Mais le fait que le Département n’ait pas eu le droit de les financer, et donc que tous les agriculteurs qui auraient souhaité en faire la demande ne pourront en bénéficier, a suscité une grande colère. Tant du côté des agriculteurs que des élus de la collectivité. Jérôme Crozat, le président de la FDSEA de l’Isère a indiqué que cela faisait perdre 800 000 euros à la ferme Isère.
72 euros l’hectare
Pour cette année, aucun contrat individuel ne pourra donc démarrer. Les MAEC ne pourront être mises en œuvre que de façon collective, via les groupements pastoraux (GP), ces derniers ayant été considérés prioritaires par l’ensemble des partenaires. « A condition bien sûr qu’ils soient implantés dans des territoires porteurs d’un PAEC (Projet agro-environnemental et climatique) », a rappelé Hermann Dodier, chargé de mission à la FAI, lors de la réunion. Et, faute de budget suffisant, il n’est même pas sûr que tous puissent contractualiser. Mais il est quand même demandé à chacun d’entre eux d’en faire la demande.

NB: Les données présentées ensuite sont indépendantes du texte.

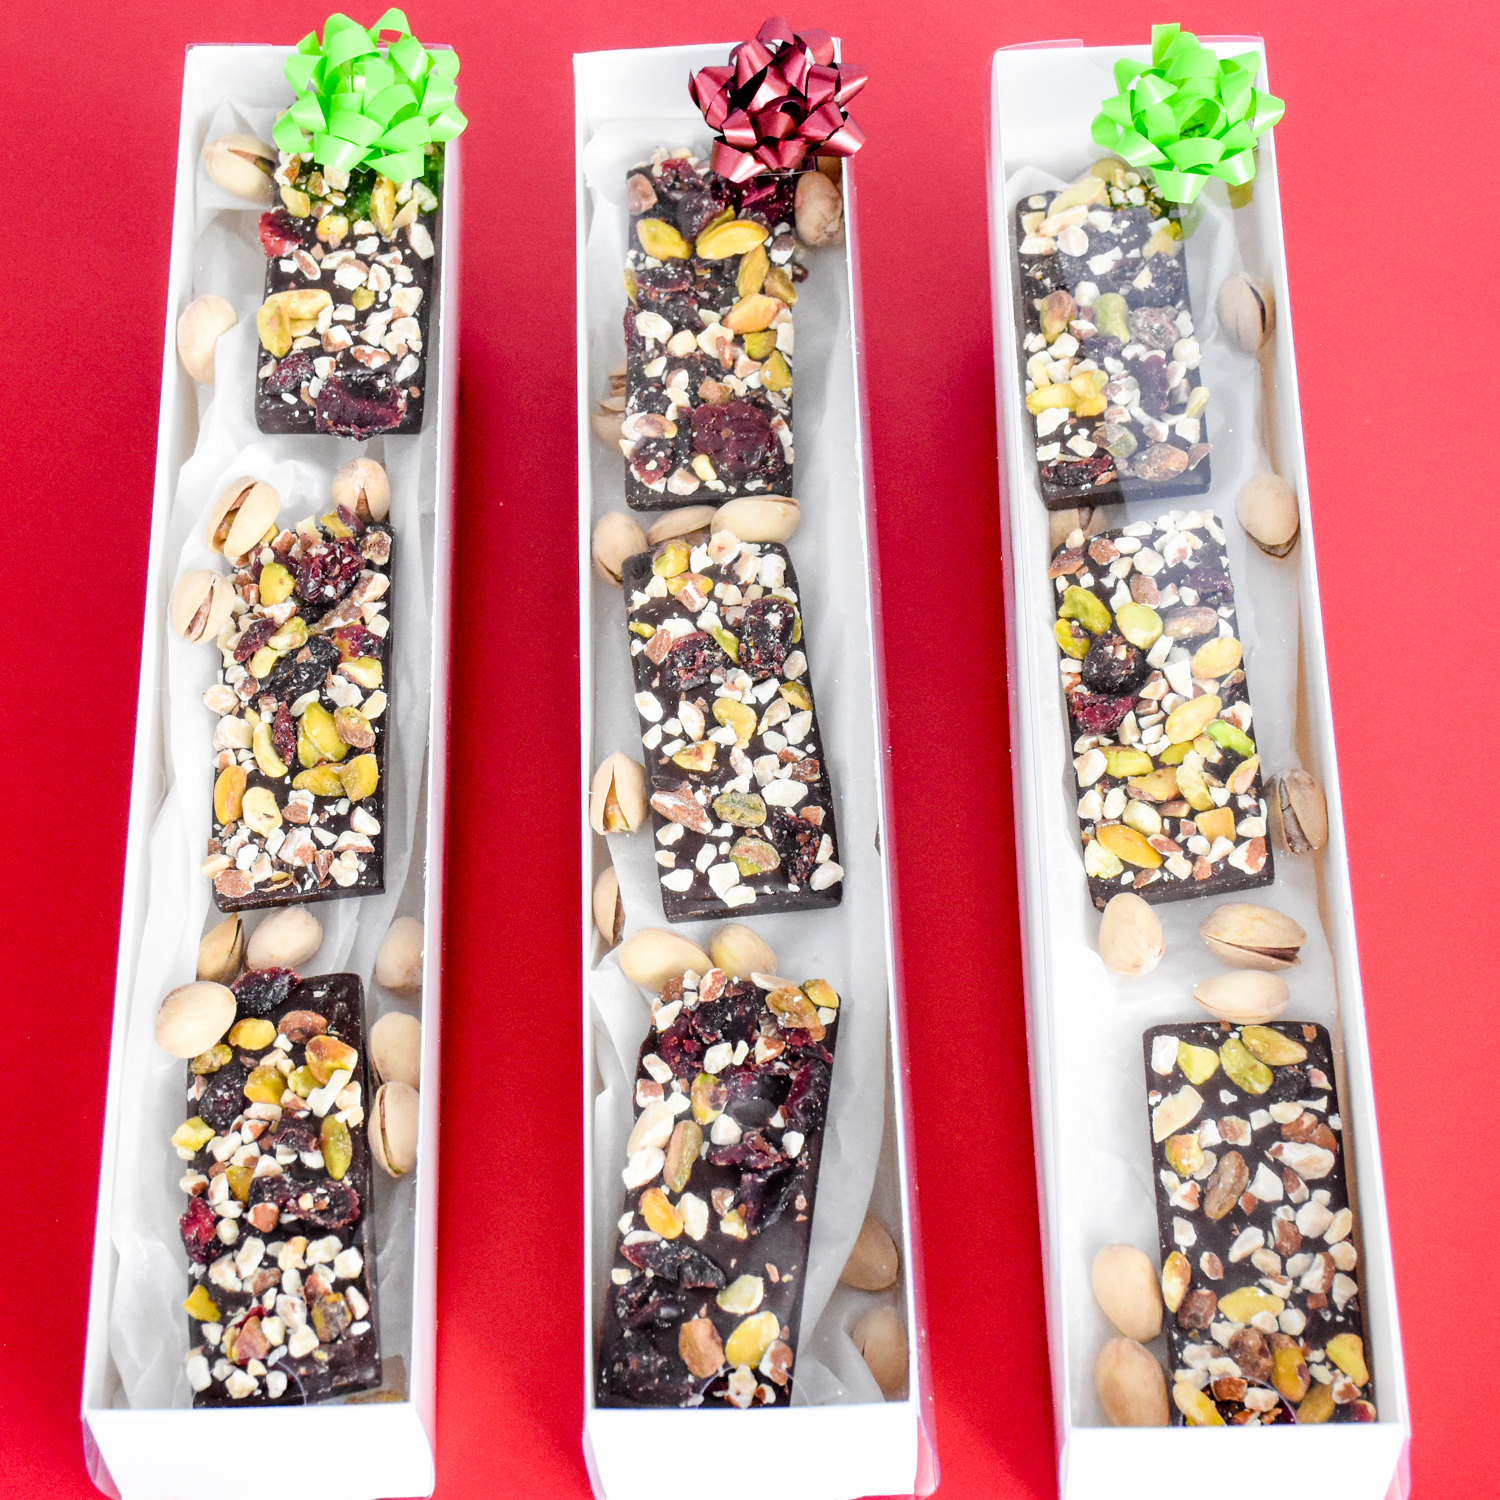 Neighbor Christmas Gift: JOJO’S Chocolate Bars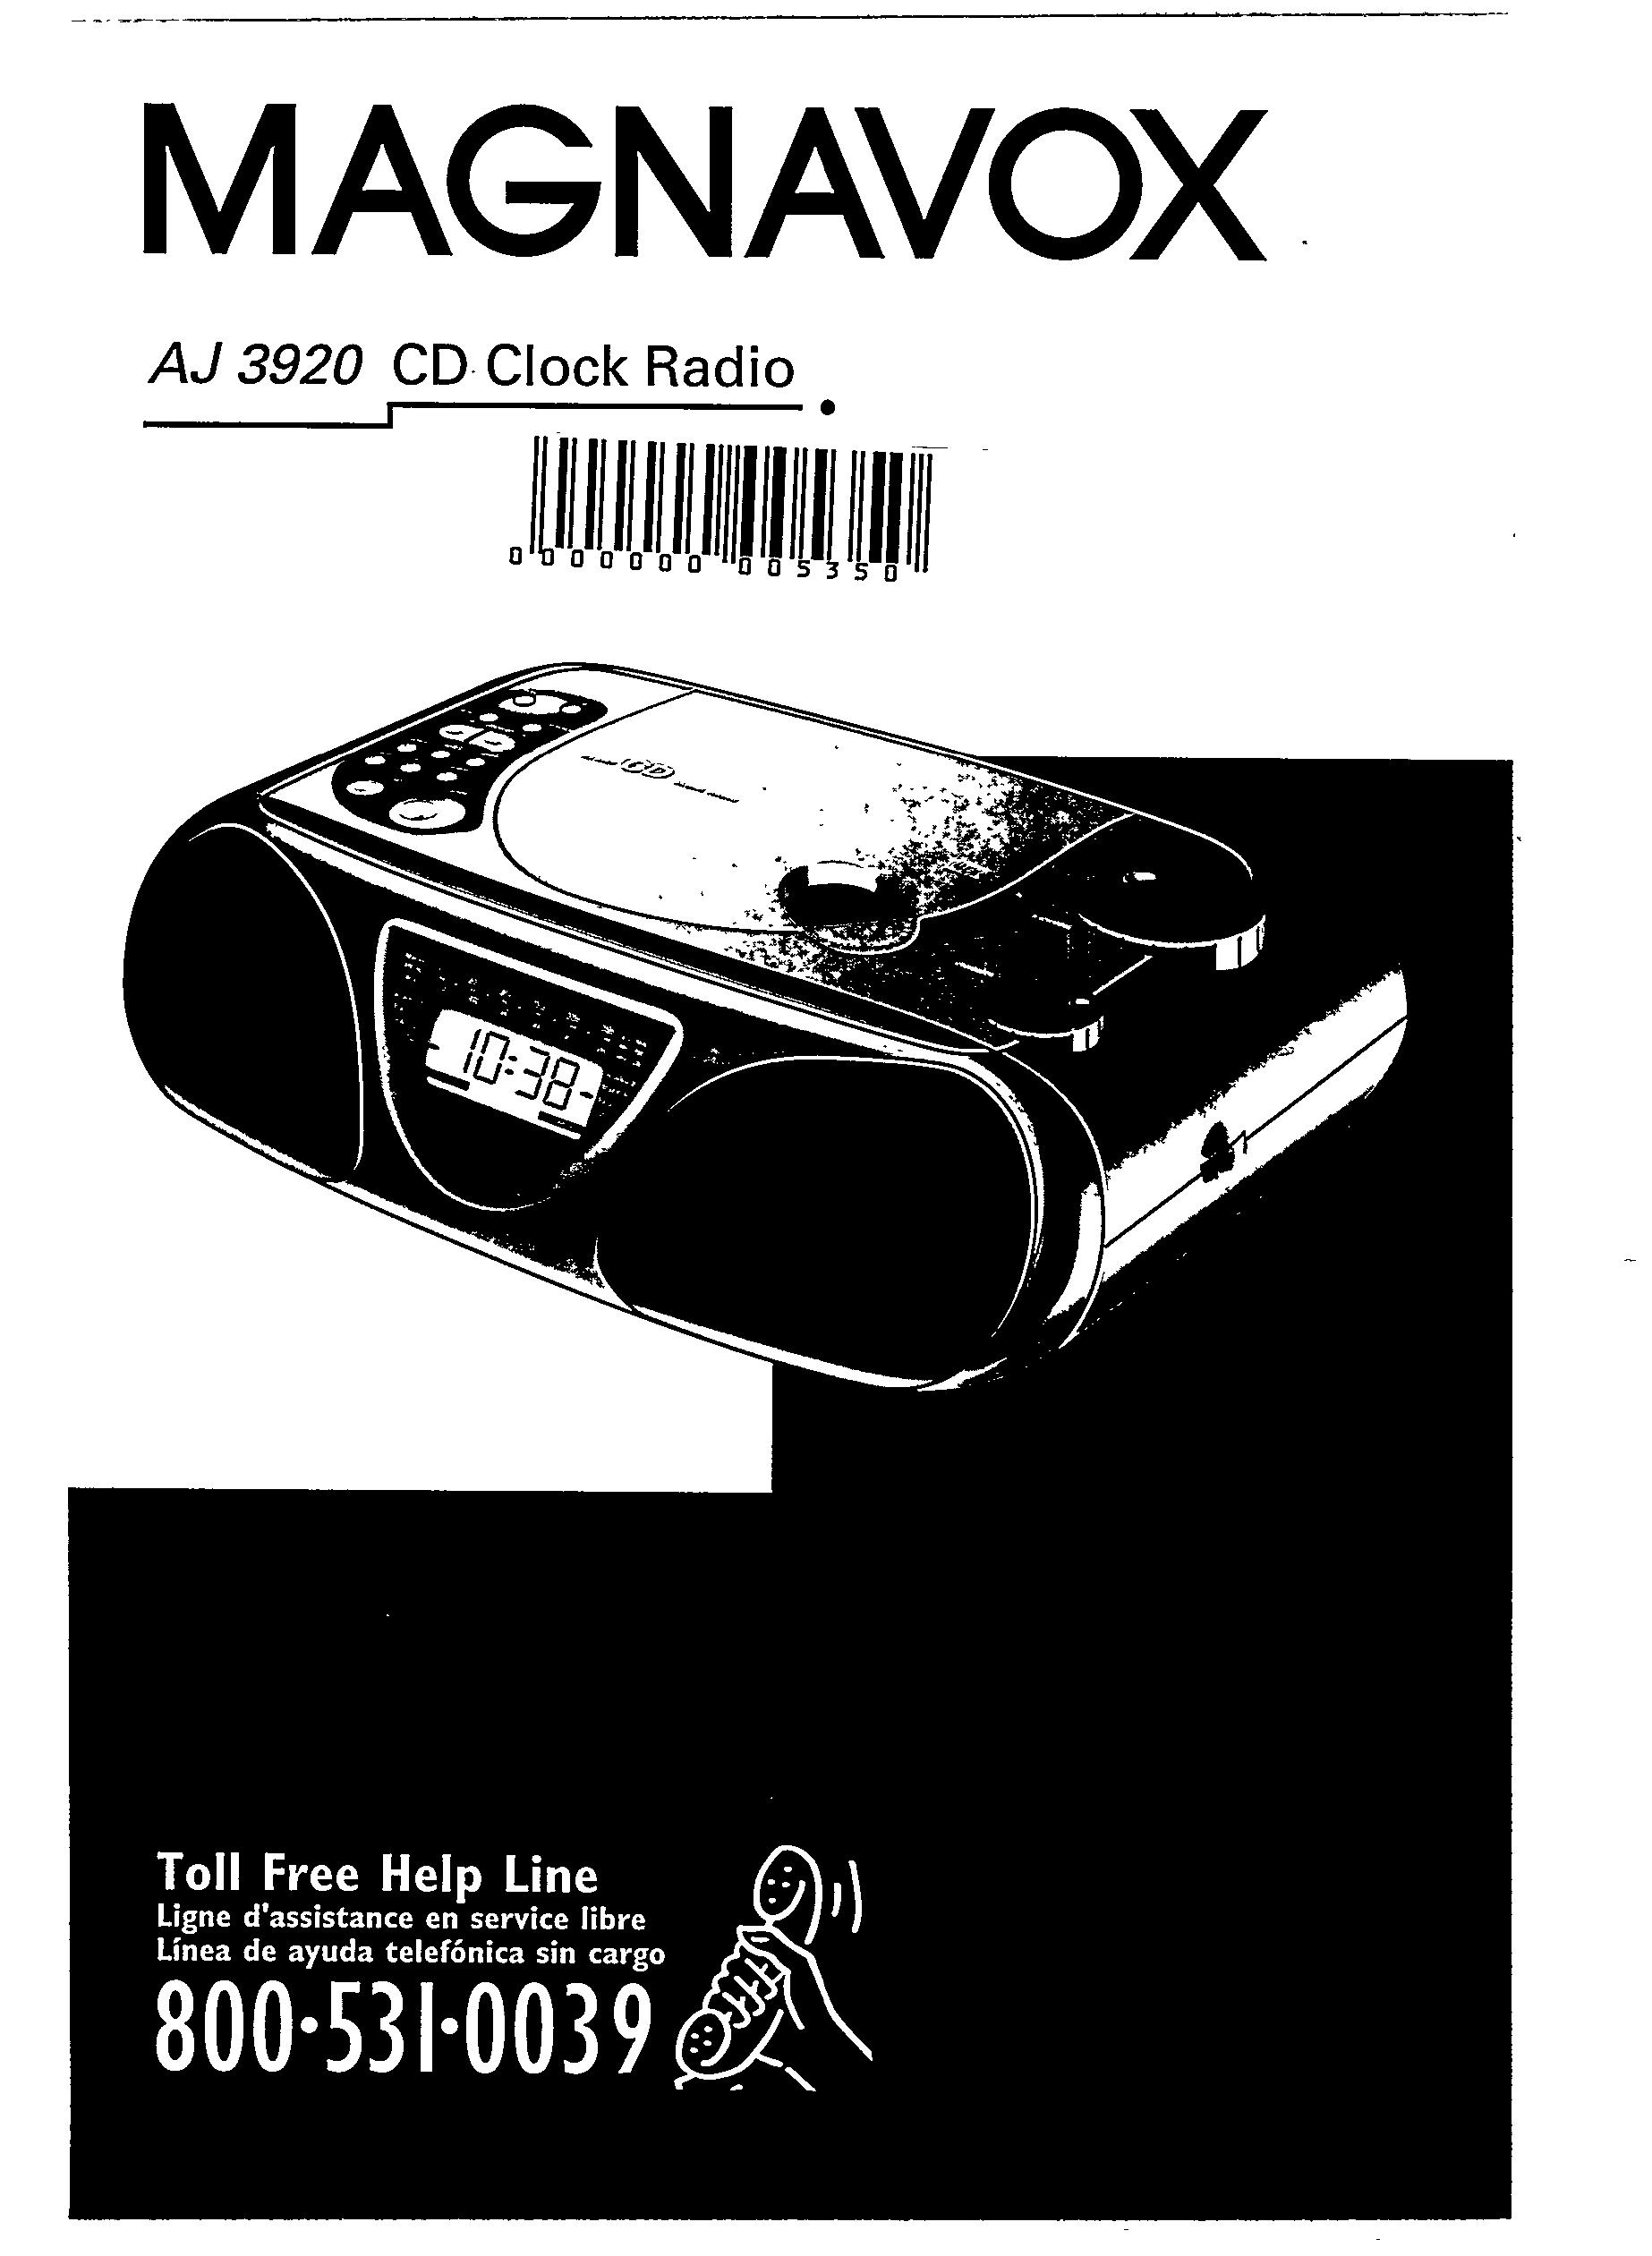 Magnavox aj3920 Clock Radio User Manual

Contrairement à ce qui était prévu initialement, il n’y a plus qu’une seule mesure mobilisable par les groupements pastoraux. Il s’agit de la MAEC biodiversité « Amélioration de la gestion des surfaces herbagères et pastorales par le pâturage », la PRA 3. Financée par l’Europe et l’État, son montant est de 72 euros l’hectare. Pour en bénéficier, les éleveurs doivent déclarer l’ensemble de leurs parcelles implantées dans la limite d’alpage, réaliser un diagnostic, puis un plan de gestion définissant leurs obligations et les critères de contrôle. Ils doivent aussi mettre en œuvre des enjeux localisés avec des obligations spécifiques. « A noter qu’un enregistrement des pratiques doit être effectué, en indiquant que les couverts n’ont pas été détruits et qu’aucun produit phytosanitaire n’a été appliqué », précise encore le technicien.
IB
Une étude et un séminaire
La guerre de l’eau. Fabien Mulyk, vice-président du Département en charge de l’agriculture estime que nous n’en sommes pas loin. La situation est telle que, même s’il n’y a pas d’agriculture sans eau, chaque décision, chaque projet, devra être étayé, objectivé. C’est pourquoi, le Département investit 300 000 euros dans la réalisation d’une grande étude indépendante de 18 mois. Grâce à un hydrogéologue et un bureau d’études spécialisés, les élus souhaitent avoir des éléments chiffrés, concrets, leur donnant les bases d’une réflexion mesurée.
Le lancement de cette étude est concomitant à l’organisation des Assises de l’eau à La Côte-Saint-André le 4 mai, un séminaire sur la gestion structurelle de l’eau et l’adaptation au changement climatique.